Дуся, еле различимая в темноте, неуверенная, незапоминающаяся, встревоженная моим молчанием, засуетилась, просительно сказала:
– Идемте, а? Сейчас еще не поздно, ничего, мы и чай сделали, и пирог я успела испечь. Заходите, Надя вам будет рада. – И, боясь, что я откажусь, быстро пошла через дорогу к своему дому.
Надя за столом читала книгу. Зеленый югославский абажур окрасил комнату в призрачные тона, в углах комнаты замерли сторожкие болотные тени. На электрической плитке тихонько пофыркивал чайник, старый жестяной чайник с носиком, заткнутым свистком. Когда-то чайник был красным, а теперь эмаль обтерлась, отбилась до металла, и стал он похож на маленький паровоз. Свисток тоненько, сипло присвистнул. В круглом жестяном котле всегда неподвижного паровозика за долгие годы столько воды накипело – полмира объехать можно. А он простоял все это время на плитке. Свисток поначалу давился паром чуть слышно, а потом его свист стал настойчивее и громче, он предупреждал нас: не молчите, он гнал нас перед собой по невидимым рельсам необъяснимого смущения.

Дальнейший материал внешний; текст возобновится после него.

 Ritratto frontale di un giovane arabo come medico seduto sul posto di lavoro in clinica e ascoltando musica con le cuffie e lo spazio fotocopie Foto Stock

– Вам покрепче? – спросила Надя.
– Да, если можно, почти одну заварку.
Она довольно кивнула:
– Я тоже люблю настоящий чай.
Надя насыпала в фарфоровый заварочный чайник черно-коричневые засушенные травинки из длинной пачки со смешной этикеткой – диковинный горбатый слон, похожий на дромадера, несущий на себе погонщика с опахалом. Зеленоватый полумрак, смуглая девушка с родинкой на лбу, индийской тикой. Она в этот момент была не похожа на учительницу в забытом маленьком Рузаеве, а казалось, что сошла Надя с оборотной стороны чайной этикетки – добежит горбатый слон до края пачки, завернет его за угол погонщик, подхватит потерявшуюся принцессу и умчит обратно в забытую сказку.

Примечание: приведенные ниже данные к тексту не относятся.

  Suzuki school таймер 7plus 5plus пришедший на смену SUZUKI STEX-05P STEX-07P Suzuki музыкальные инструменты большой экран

Чай Надя разливала в большие чашки. Над красно-золотистой жидкостью млел белый парок. Чайник на плитке иногда тонко всхлипывал вялым свистком. Маленький паровозик, недвижимо мчащийся в никуда. Куда везешь?..
– Устали, наверное? – спросила Надя.
– Не знаю. Наверное, устал. Не знаю. Просто бывают дни, полные потерь, огорчений и неудач. Вот в такие дни меня отравляют досада, горечь, боль. И тогда я чувствую, как старею…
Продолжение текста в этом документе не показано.